On the topic of innovation, are there any particular products, materials or tools that have caught your eye recently?
“Mogu Flooring is a really interesting product grown sustainably from mycelium. I think being able to grow our own materials, something that doesn't need to be dug from the earth or chopped down like a tree, is great.
“I think materials that are aiming for Cradle to Cradle not just Cradle to Gate are good. Also, products that are carbon neutral or closed loop are a fantastic step in progress. And where there are take back schemes from manufacturers who want to keep tabs on the materials - so they know where the products are and if a client is moving out, they can take up the flooring and reuse it, for example. The onus for that is on manufacturers, I think as designers to make sure the way items are specified to be installed can still qualify for any takeback schemes. We’ve come a long way, but there’s so much to be said for recyclability. And urban mining too – there’s a lot of headway that could be made in that – recycling and reusing the vast amounts of steel and other materials instead of specifying new is an area of interest. Designing for disassembly is also a great one so that items can easily be taken down, relocated and repurposed if a client moves.
“There's so much material in buildings within cities that’s just doing nothing - especially if a place is due to be demolished or stripped out - it just goes to landfill. But there's such a market there. If someone could tap into that and everything that's stripped out, they'd hold it in their warehouse, catalogue and sell second-hand. Imagine that with steel.

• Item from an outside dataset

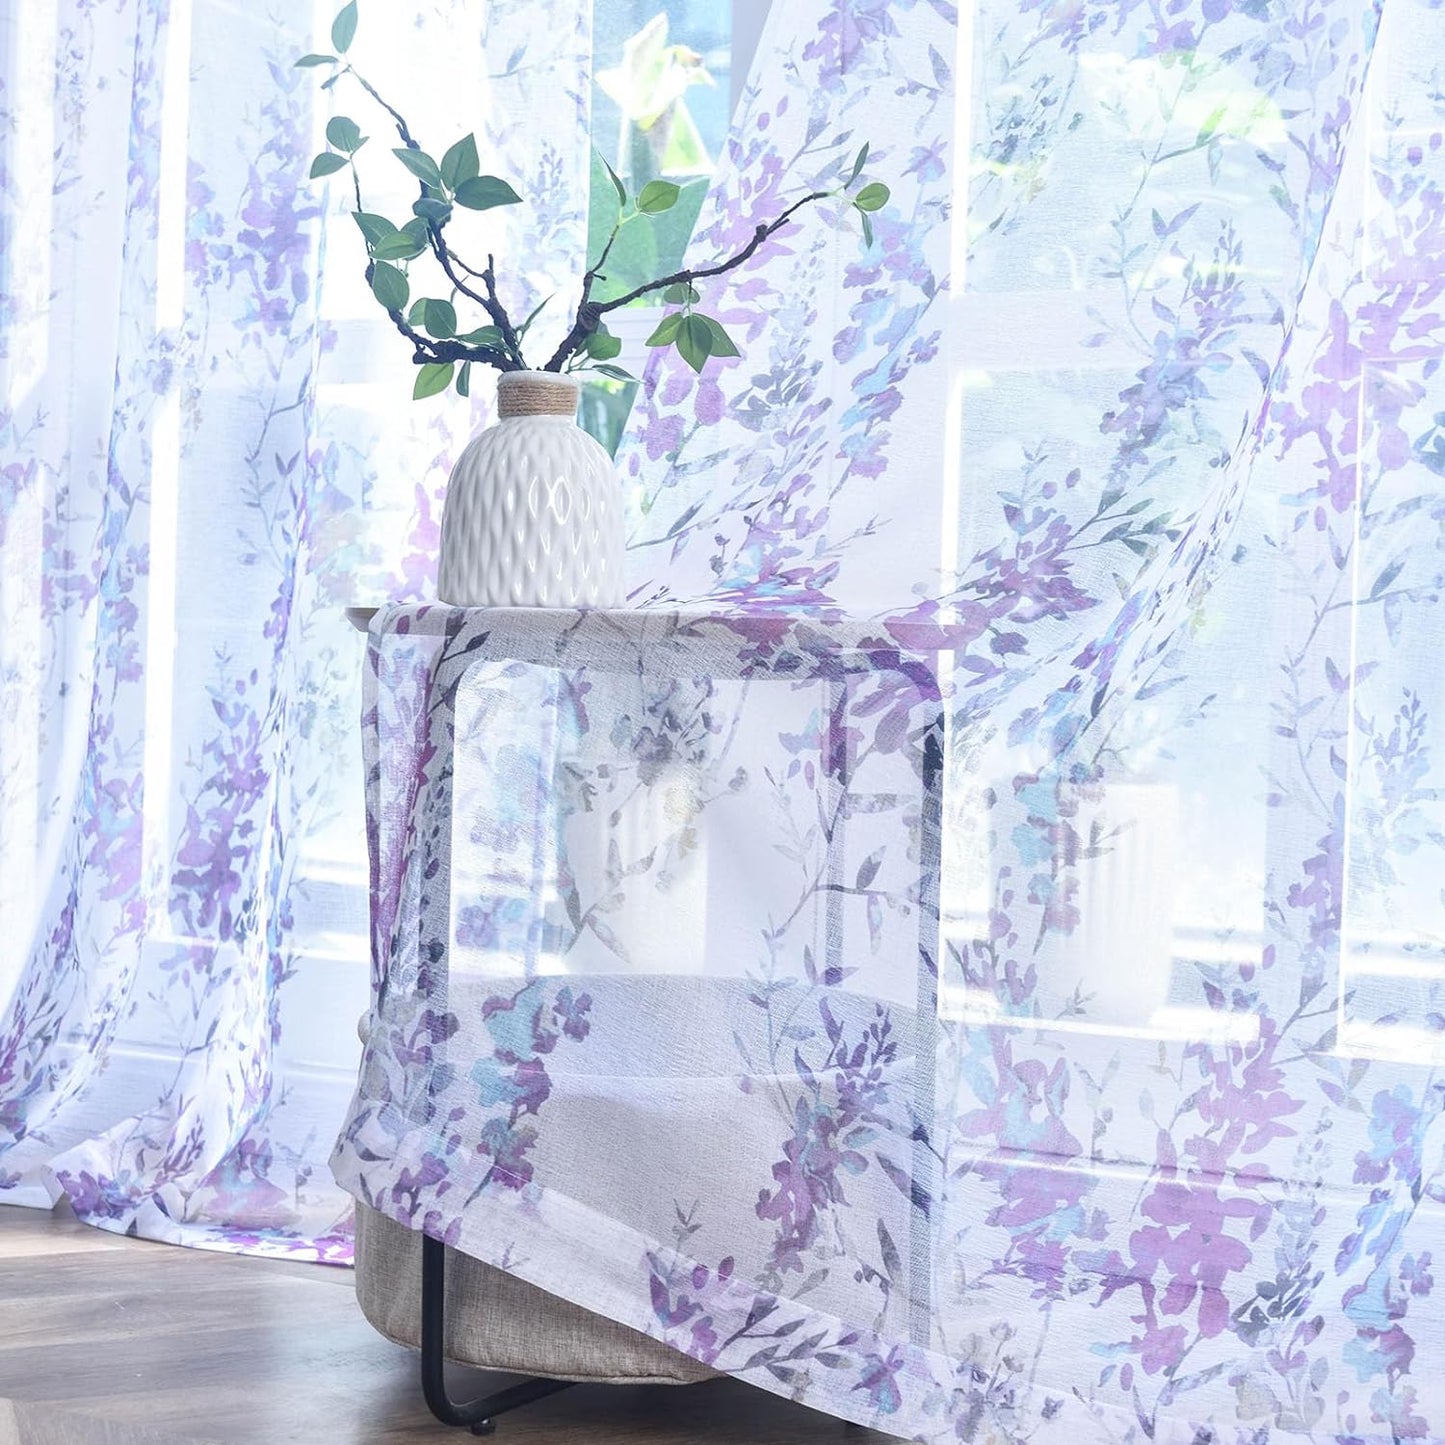 Kotile Grey White Sheer Curtains, Classic Vintage Branch Leaf Printed Sheer Curtains 63 Inch Length 2 Panels Set, Privacy Rod Pocket Sheer Window Floral Curtains, 50 X 63 Inch, Grey  Kotile Textile Purple W50 X L63 Inch

“There was a business in Manchester making terrazzo from bricks found in locally demolished Manchester buildings, and while there’s a grey area there over the sustainability of concrete in the terrazzo, the product was all sourced and made locally. No real travel involved during the manufacturing process. That’s got to be good.”
What’s next for you?
“It’s been a fun journey so far. It's coming up to 10-years now, and I feel like I'm only just scratching the surface. Especially when it comes to workplace. Pre-pandemic, nothing about the work life balance had really changed in decades. Commute five-days, sit in the same location, get two-days off.
“But now, we have all this knowledge at our fingertips. We can work from anywhere. And lockdown was proof of concept for a lot of businesses. But now, people want to be around their colleagues again, so it’s evolving how we design for that flexibility and personalisation. There’s so much still to learn.”